There's a pub at the bottom of my hill called the Distressed Sailor which seems like an odd name for a boozer so far inland, don't know how true it is but apparently it was called this because ships used to be able to sail from Whitehaven Harbour to St Bees along that route. The water was drained out when the Harbour was built and gates were put on. Probably is about right though, the valley between the harbours is extremely prone to flooding, a few years ago someone forgot to open the gates and flooded the entire area. There's house built in that valley called Mirehouse. Clues in the name 


dw1305 said:


> some huge storm beaches with driftwood, heather moorland and trees like Junipers and Oaks.

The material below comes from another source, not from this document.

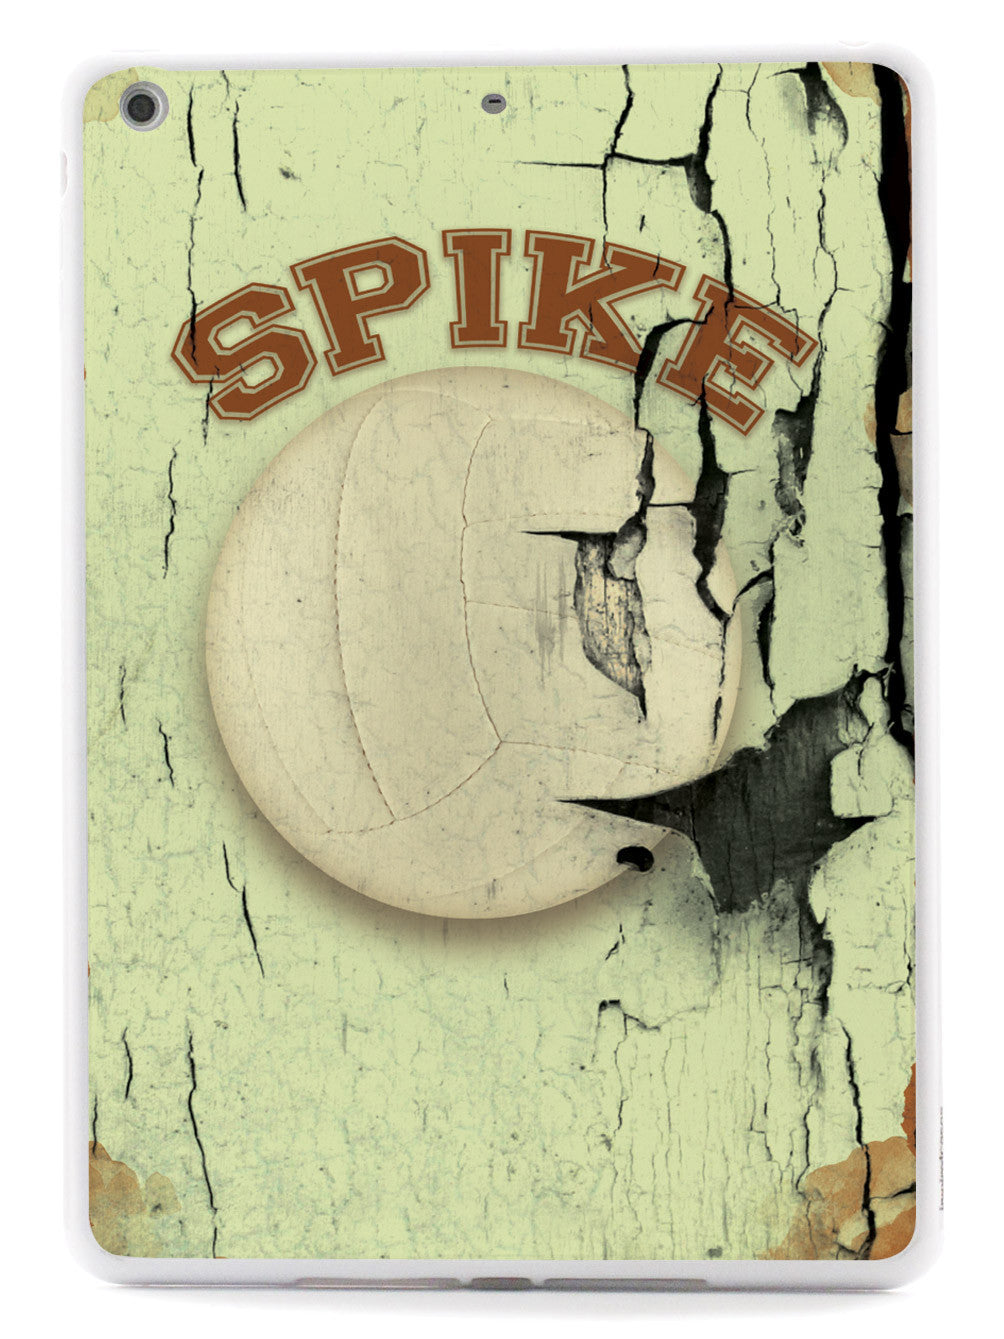 Spike! - Volleyball Case

Always been a bit cagey with wood, very difficult for the layman to know what tree it used to be and some like pine I hear a no no. The sand is good though other than its reddish colour, doesn't look dissimilar to builders sand. In fact when you work in construction round our way you tend to find most of the concrete slabs or in founds are made up of pebbles rather than stone. Some of the larger construction companies own the rights to quarry off designated beaches.


----------



## dw1305 (15 Feb 2021)

Hi all,


AverageWhiteBloke said:


> because ships used to be able to sail from Whitehaven Harbour to St Bees along that route....The sand is good though other than its reddish colour,


Probably sea sand then, but it doesn't sound like it has much maerl or shell in it. I wouldn't have any reservations about using it.


AverageWhiteBloke said:


> Always been a bit cagey with wood,


Any bits of wood that don't smell resiny and/or have lost their bark should be fine.

cheers Darrel


----------



## AverageWhiteBloke (15 Feb 2021)

dw1305 said:


> Probably sea sand then, but it doesn't sound like it has much maerl or shell in it. I wouldn't have any reservations about using it.

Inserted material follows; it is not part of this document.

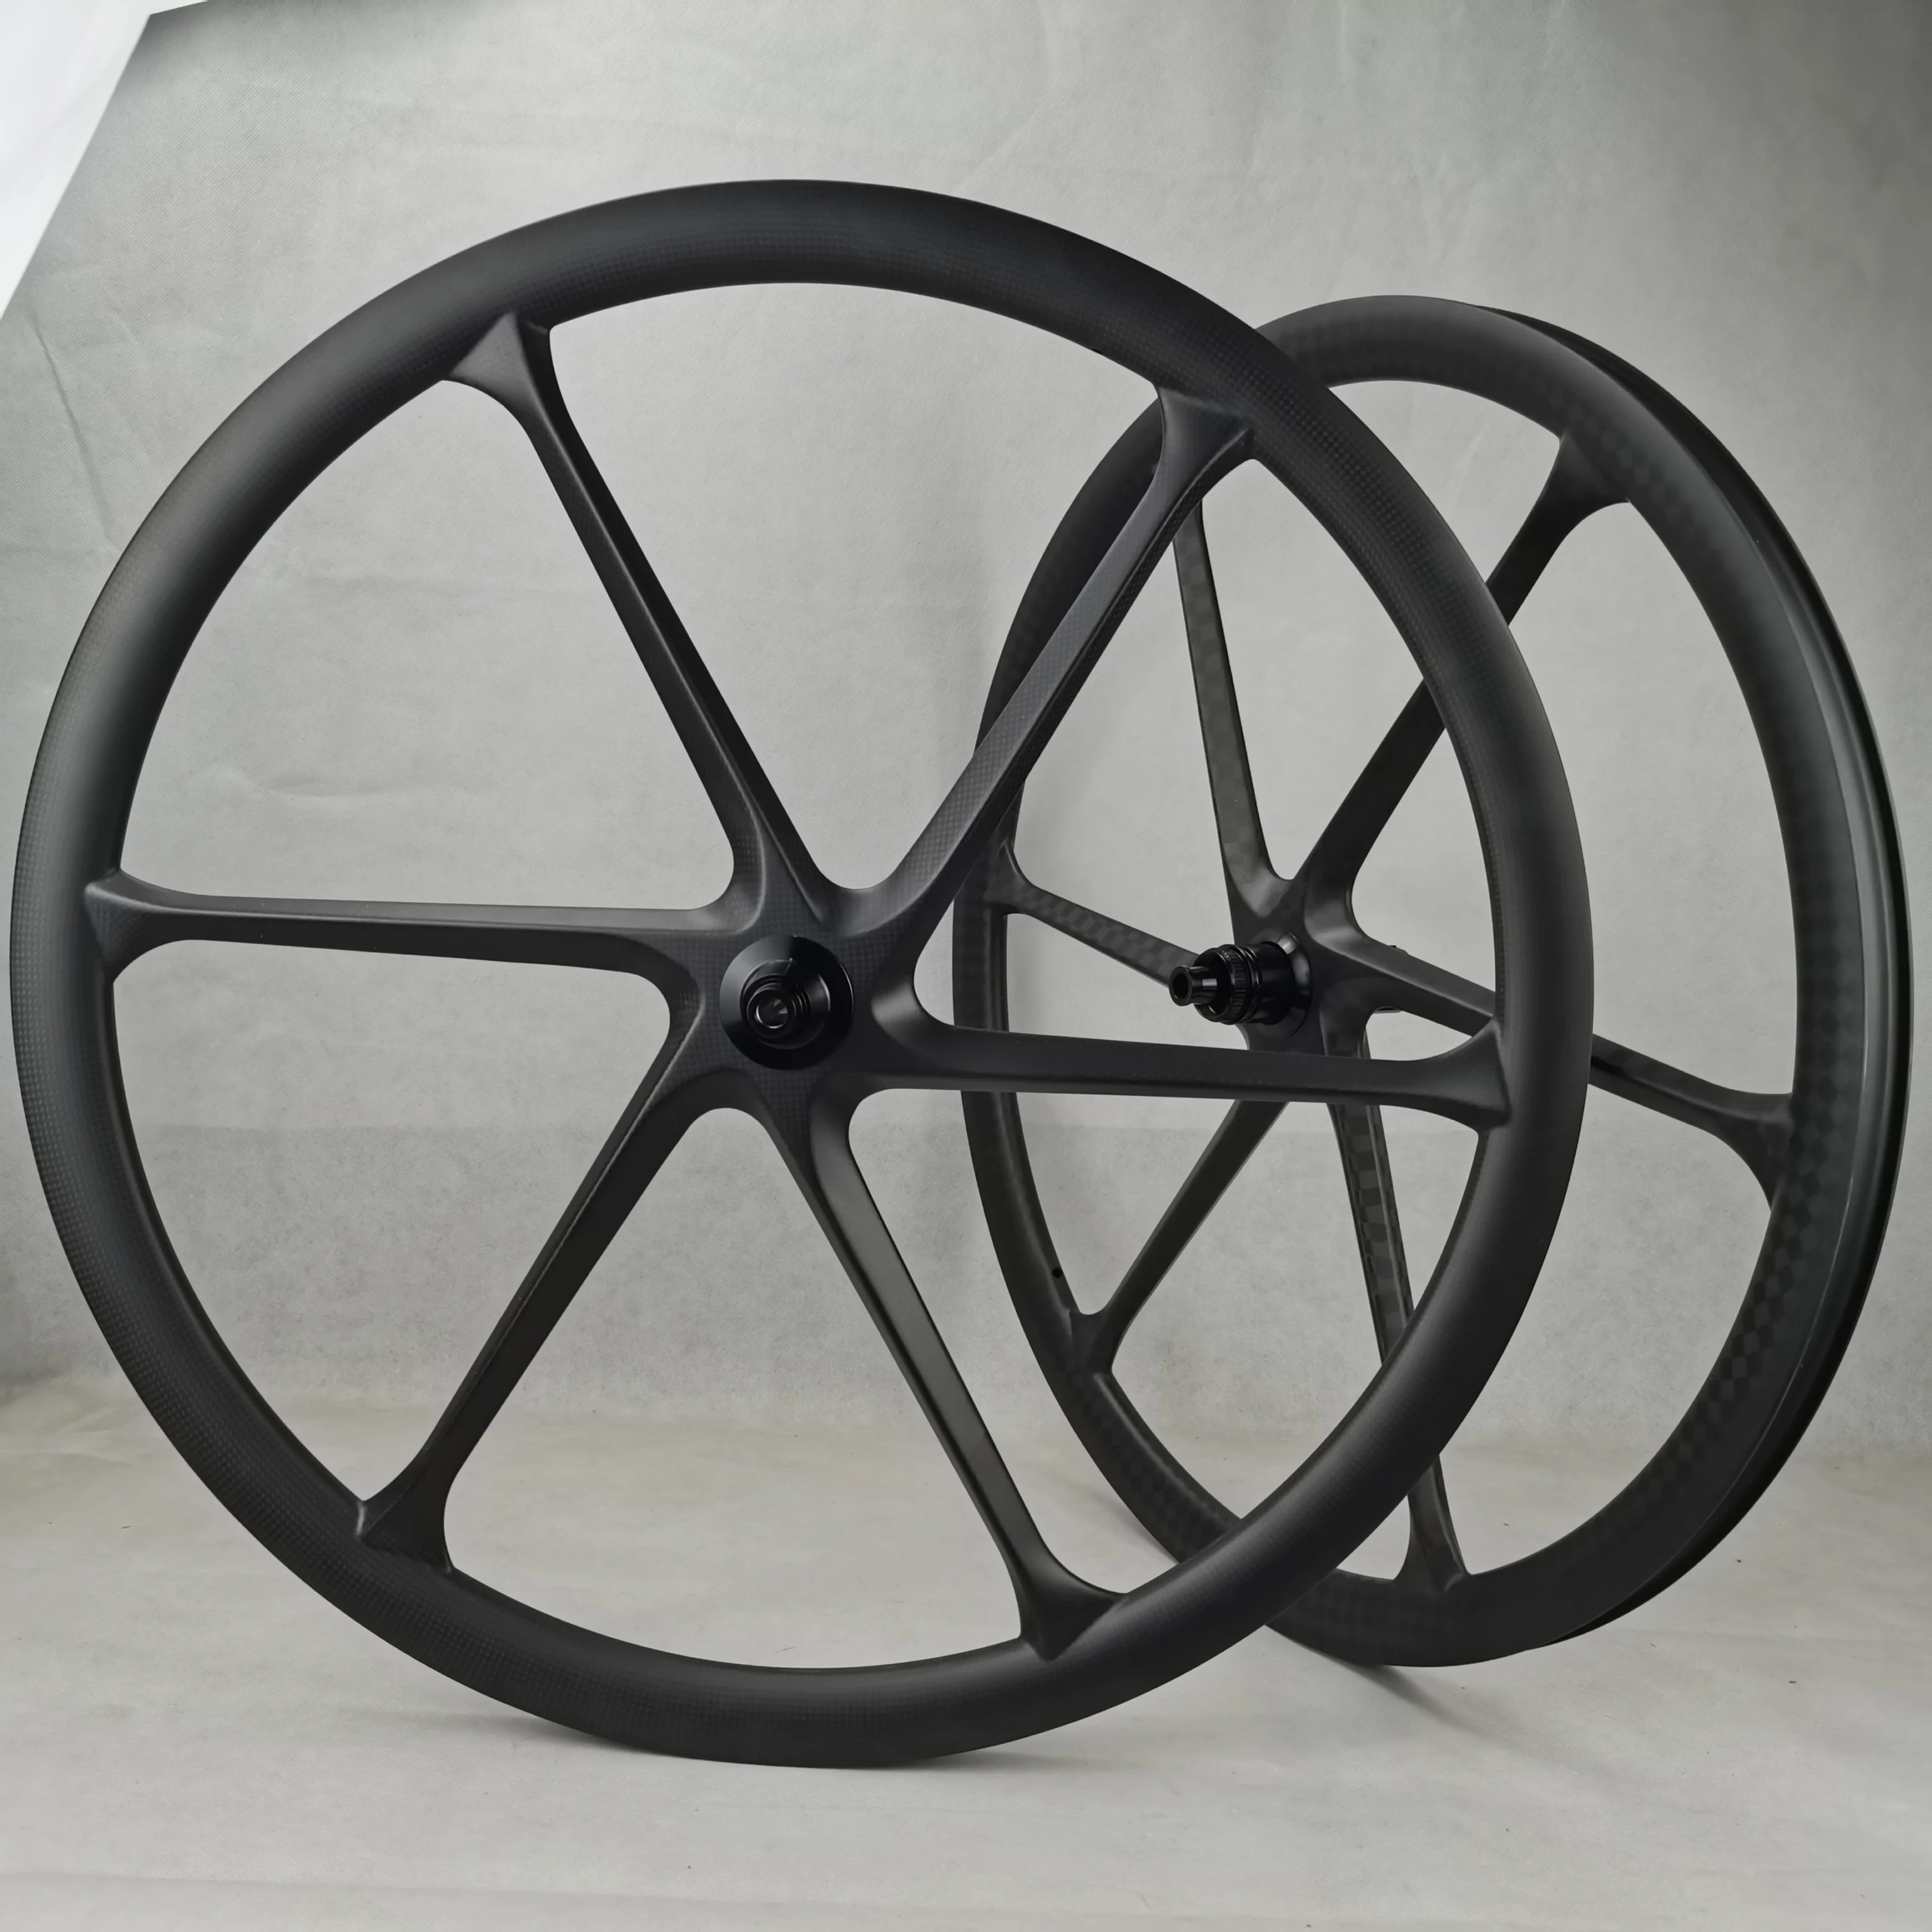 

[SCGD6-2835] 700c 28mm wide 35mm depth carbon 6 spoke Gravel carbon wheels Tubuless Tubular Hookless road Disc brakespoke wheels

Just to clarify mate the river I was collecting from is nowhere near that area, it's a lot further inland. What you said first is probably right, the river banks upstream are sandy so it probably washed down from there and settled on the bend forming a beach areas. i wouldn't like to dig in the banks further up because of the fact birds are nesting in them. I assume they're birds anyway. Not sure what other animal would dig holes out of the sand banks.


----------



## dw1305 (15 Feb 2021)

Hi all, 


AverageWhiteBloke said:


> I assume they're birds anyway. Not sure what other animal would dig holes out of the sand banks.


If they are up the bank above from the water level? The <"Sand Martin"> is the most likely excavator, they won't arrive back for ~6 weeks or so.

cheers Darrel


----------